In the wake of Pietro Badoglio's declaration of a cessation of hostilities with the Allied on 8 September 1943, Toaff and his family were forced to go into hiding, as Germany invaded Italy. He shut the synagogue when German troops arrived, an event coinciding with Yom Kippur that year, and, with the help of the Anconians, hid the members of the community in local houses and in parish churches. The adolescents and children were put on a boat sailing south to the area under the control of the Allies. The Nazis and their remaining fascist allies in Italy reacted to the armistice by organizing the first deportations for concentration camps and Arbeitslager. Toaff had been tipped off by the local parish priest that an attempt would be made to assassinate him, and he, together with his father, his wife Lia Luperini and their son Ariel Toaff, managed to take refuge in Versilia, thanks to the hospitality of the parish priest, don Francalanci.

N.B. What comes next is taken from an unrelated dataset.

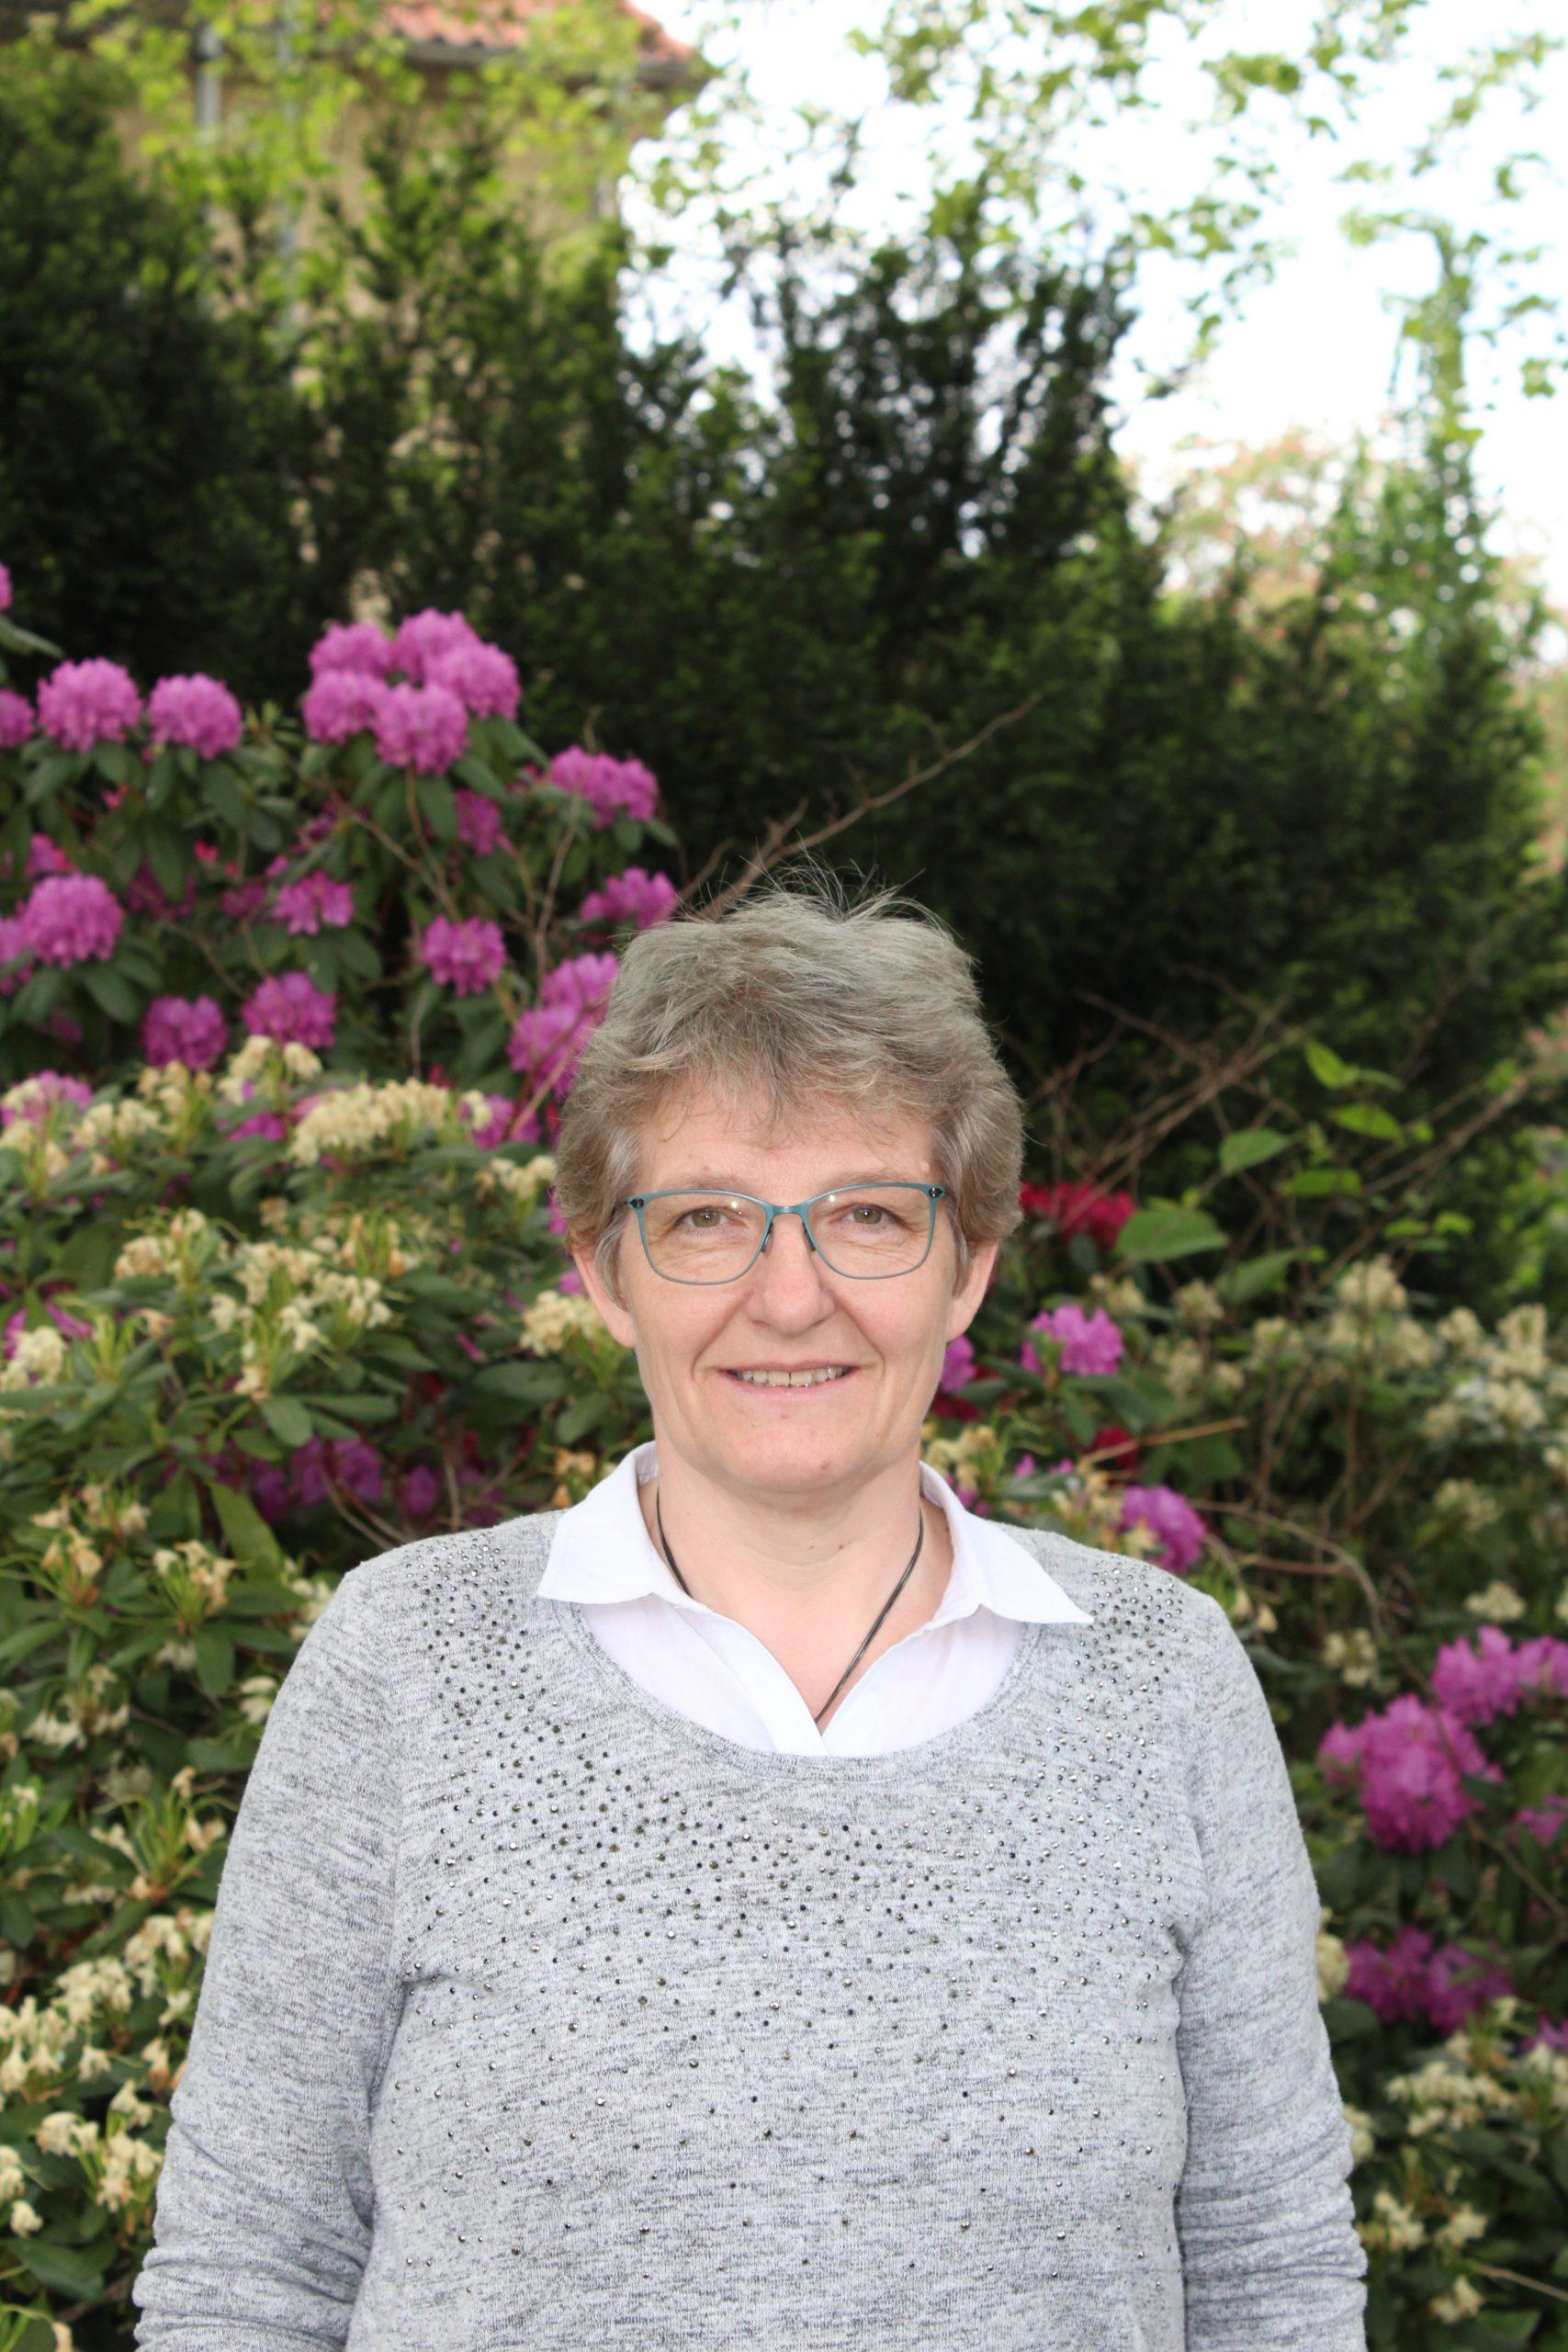 Maria Allerbeck

Toaff did not have the option of fleeing Italy, mindful of his father's words that: 'A rabbi does not have the same freedom of choice others have; he can never abandon his community.' He recalled later every Jew in Ancona survived the war thanks to the assistance given by their Catholic neighbours. Toaff was captured by the SS during a raid, and was saved from being executed as others had been who were caught in the roundup, when the Austrian, with whom he had conversed a little in French, and who was in charge of the execution, gave an order to release him as he was digging his own grave. Catholic families helped them throughout their flight, which led them to a refuge also in Città di Castello where, in 1999, he was accorded their honorary citizenship. Toaff himself joined the Italian Resistance in the mountains of central Italy, working also to secure the safety of fellow Jews. His company was the first to enter the village after the SS executed the Sant'Anna di Stazzema massacre, in which 560 villagers were murdered. He recalled coming across a woman who appeared to be asleep but, on closer inspection, had been disemboweled, with her fetus nearby, ripped from the womb, and shot through the head.

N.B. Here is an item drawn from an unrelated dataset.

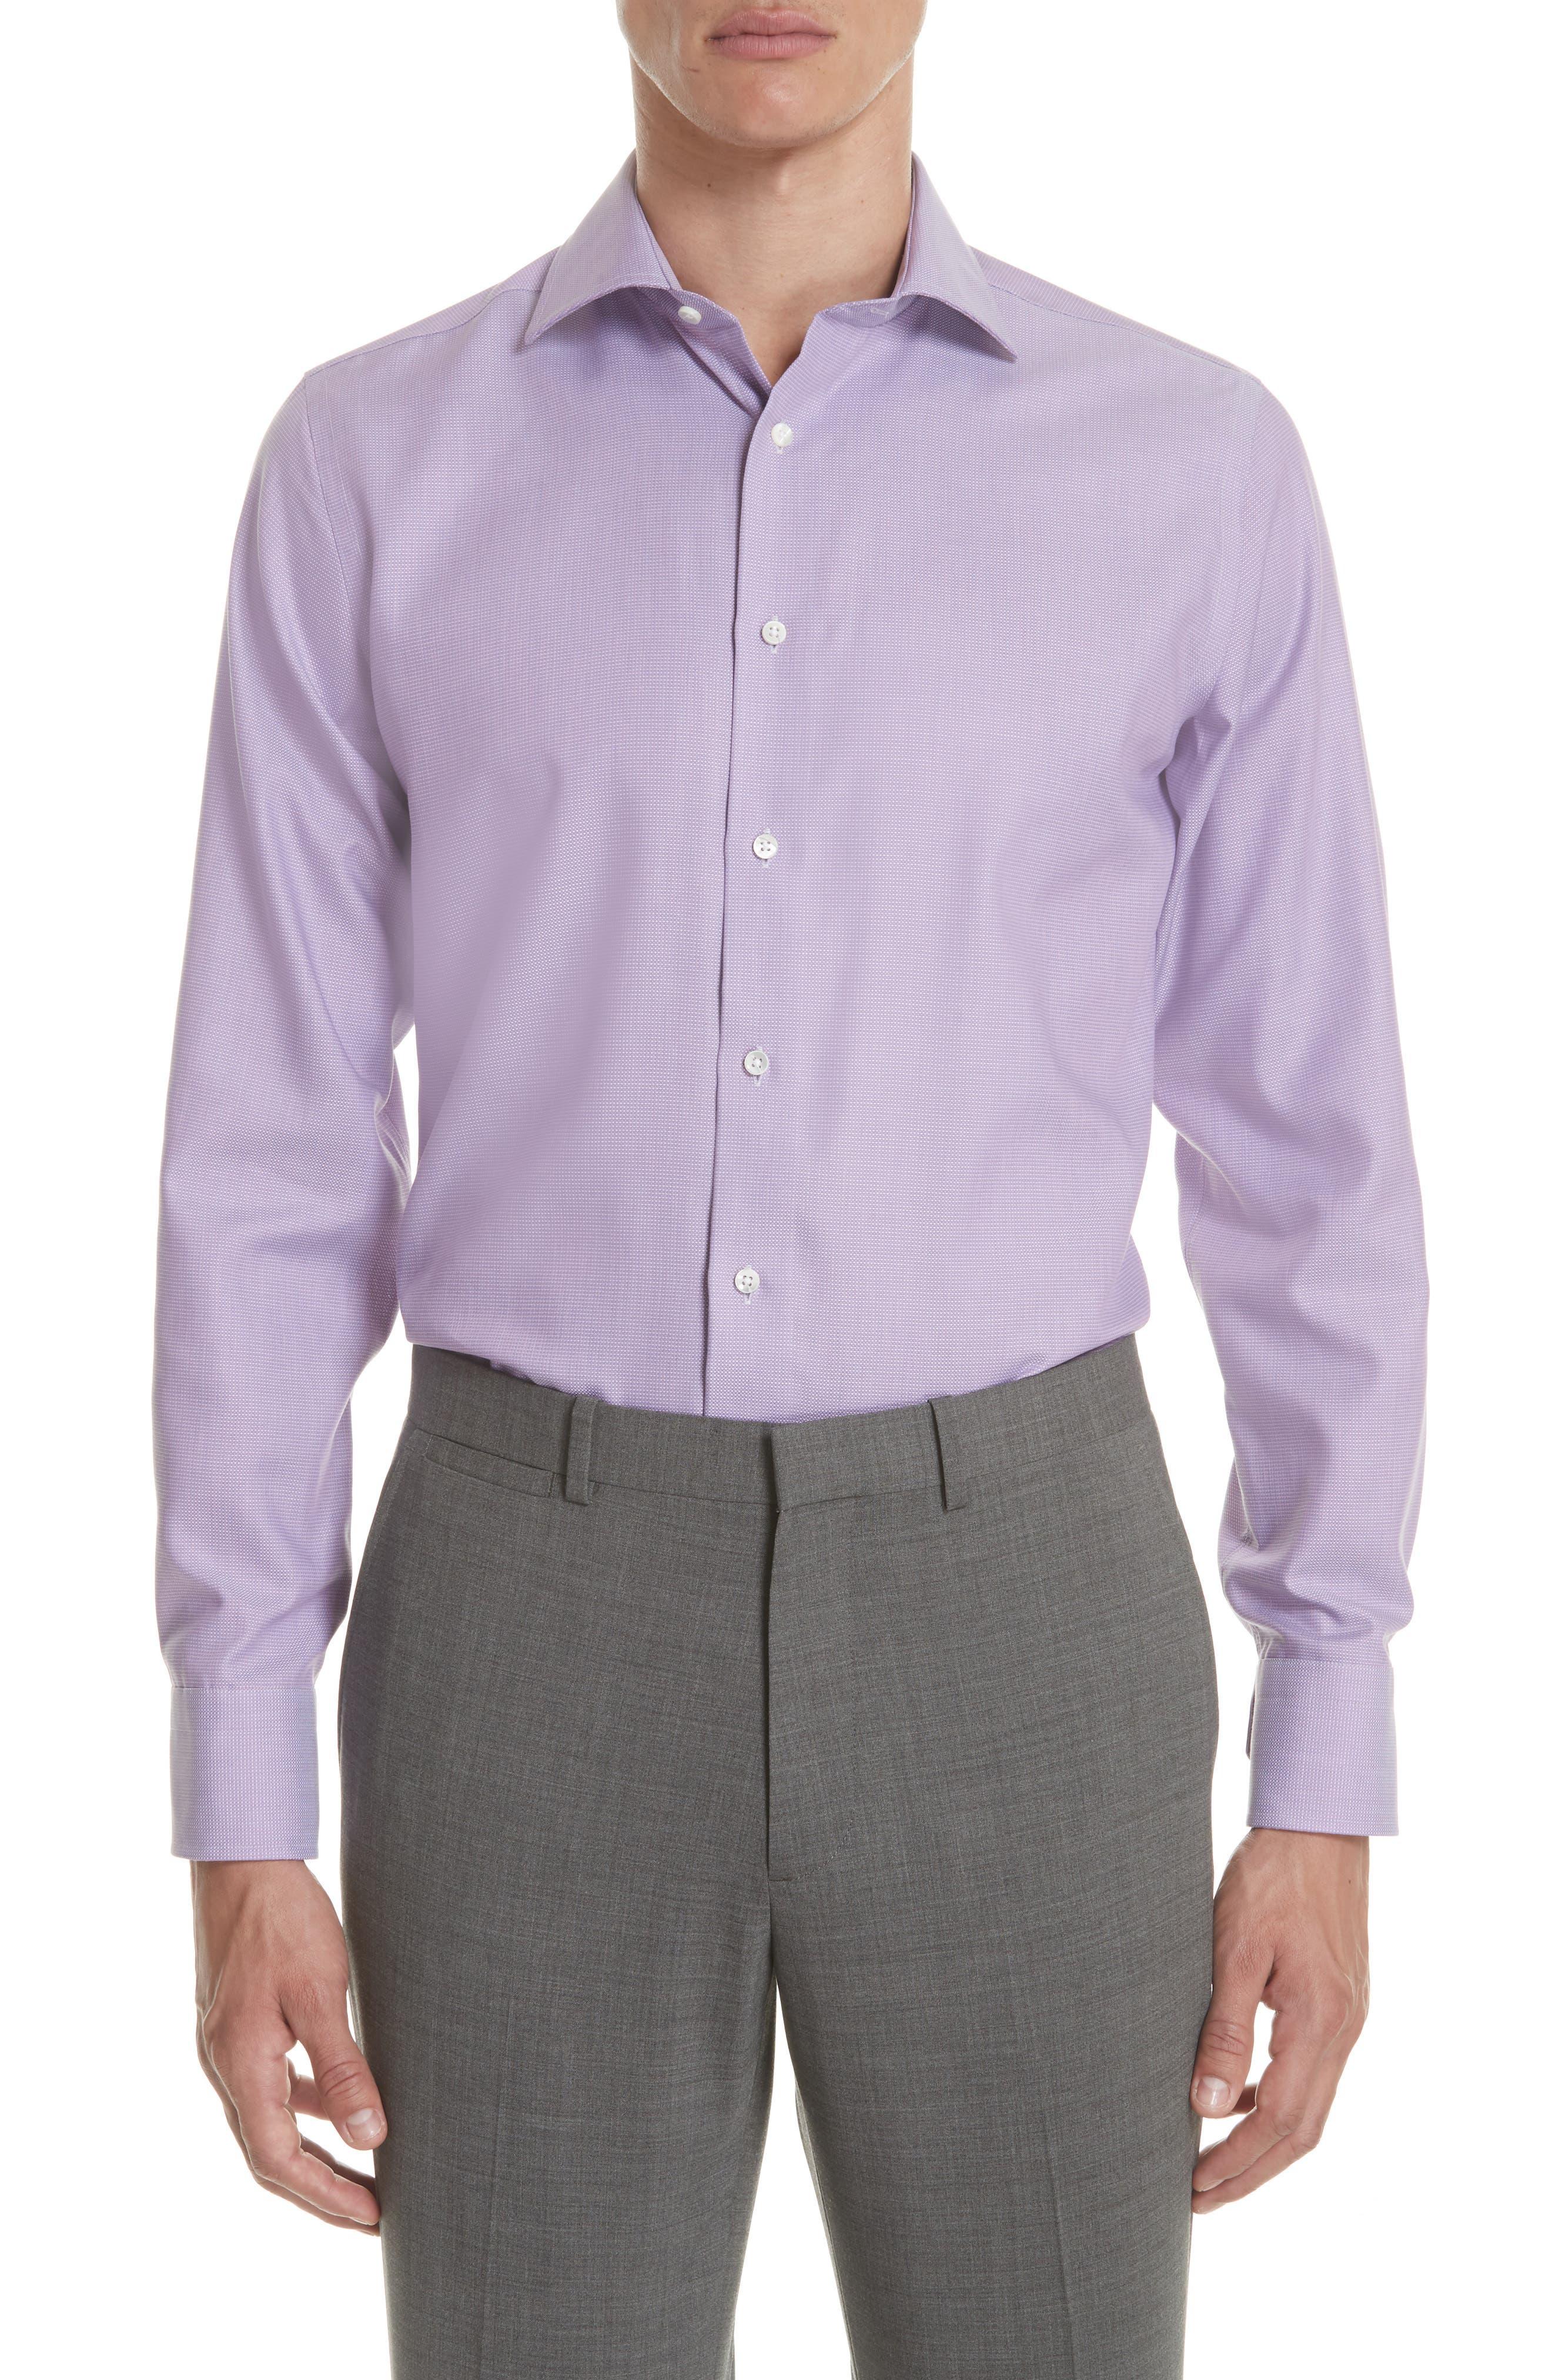 Regular Fit Solid Dress Shirt,                             Main thumbnail 1, color,                             520

Elio Toaff (30 April 1915 – 19 April 2015) was the Chief Rabbi of Rome from 1951 to 2002. He served as a rabbi in Venice from 1947, and in 1951 became the Chief Rabbi of Rome.
Toaff was born in Livorno in 1915, the son of the city's rabbi Alfredo Sabato Toaff and his wife Alice Yarch. one of four children, the others being Cesare, Renzo and Pia, He then undertook, under his father's guidance, his early religious formation at Livorno's Rabbinical College, while attending the University of Pisa where he studied law. He had difficulties finding a supervisor for his final thesis. By that time, the Fascist government had passed its antisemitic Italian Racial Laws, which blocked Jews from registering to study for, though not from completing, a tertiary degree. Only one professor, Lorenzo Mossa, finally offered to step in, and assigned him to work on the legal conflict between Ottoman, Jewish and English law in Mandatory Palestine. He managed to graduate by 1938, despite the fact that the head of the commission, Cesarini Sforza, before whom he was to discuss his thesis, abandoned the proceedings in disgust at the presence of a Jew. In 1939 he completed his theological degree. His brother Renzo, a surgeon, was literally ordered out of the hospital where he was employed while conducting an operation, but refused to do so until he had completed it. Despite his father's reservations, given the dangers of the time and the idea one rabbi sufficed for the family, he was ordained rabbi the following year. Shortly afterwards he was appointed chief rabbi of the community of Ancona, a position he maintained until 1943. In one of his first acts, on his arrival, he managed to persuade a local Jewish family not to convert to Christianity: he argued that such a move was 'cowardly, useless and undignified' in the circumstances.